Though not acceptable, you may expect this from a new company just starting out, however I have seen this in more than one well-established multinational. The builds produce several thousand warnings, but hey a warning is not an error and we do not have the resources to check them all - so its OK to ship? Wonder why the bug reports run into thousands? Yes - warnings could be considered OK by some people in certain circumstances, personally I do not like them.
Back to the main reason for this letter. What I would like to see is an information centre where members can find information to learn or expand a particular skill. ACCU already has much of this information, particularly with the book reviews. What I would like however is something more condensed and focused.
Please note these are only ideas at the moment, on reflection and brainstorming with other members they may prove to be poor. As an example, we could have a section (sub-site?) broken down into software engineering (or just programming) topics, continue the refinement until we reach a certain point (i.e. programming, languages, C). Now in one place we first define the industry standards related to this topic, ANSI/ISO etc, along with de-facto standards; clearly stating which is which.
We could then have (and this could prove to be difficult) each of these topics (C in this case) broken into skill levels, i.e. introductory, intermediary, advanced, expert (not sure what to call them but would we need three or four levels; human nature says three as its a nice concept, market research says four, I think to stop people hanging around the middle). Anyway, at each level we could have as mentioned the standards first and foremost (I believe this is very important), we could then have a list (how many?) of recommended books and/or resources for someone at this level in this topic to learn from. After this we could have ancillary information, again related to this person at this level.
Wow, thinking about it this could take 20 years!

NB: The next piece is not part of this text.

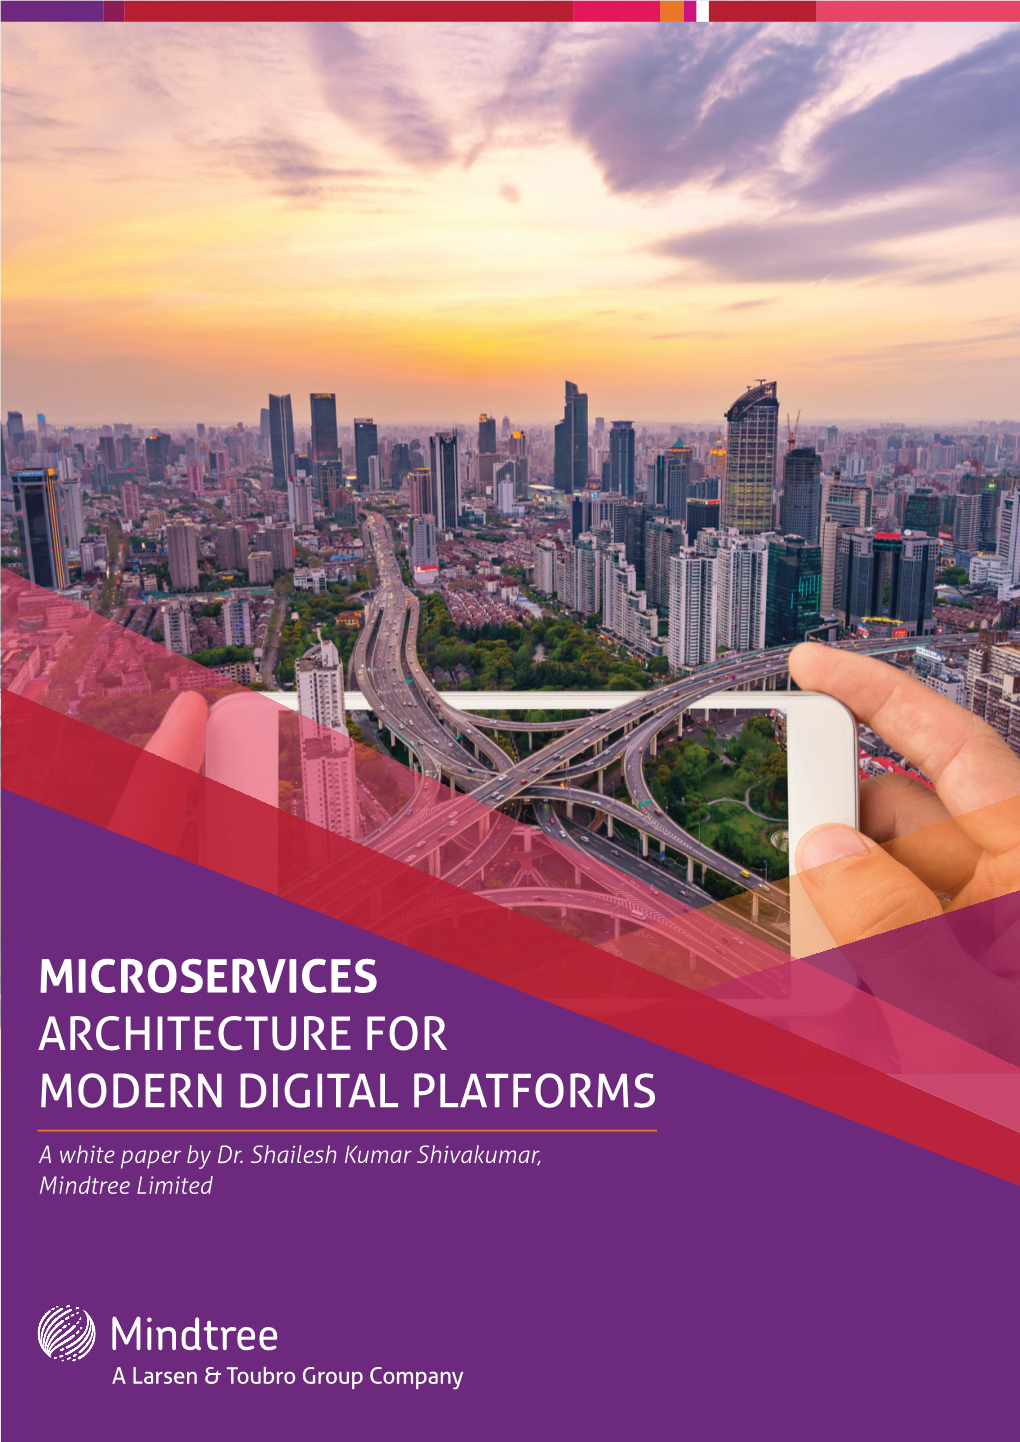 Microservices Architecture for Modern Digital Platforms

The point is I would be happy to take charge of this as it were. We would obviously need a great deal of discussion with many members and industry experts just to decide on a limited book list for each level. Its something I have thought of for some time, a lot of the information is out there; we need hunter/gatherers to bring it in, access it then display it for ever more. Well, what do you think?
Mark Batty
When it comes to programming there are certainly three kinds of standard that need consideration: language standards, coding guidelines and code presentation. The first of these should be provided by a copy of the relevant de jure standard (assuming that one exists), the last should not cause the ire that it does (the way I prepare code for publication is different from the way that I write code, monitors and paper provide different constraints). The middle one is where more consideration needs to be given. They should, generally, be guidelines and so capable of being overridden in some circumstances. However, a guideline that is in direct conflict with a language standard should be corrected at once. Anyone who tries to defend such a conflict is being less than professional.
Now this, the original letter and this issue's View from the Chair should start a lively debate. However, remember that words are cheap. FG.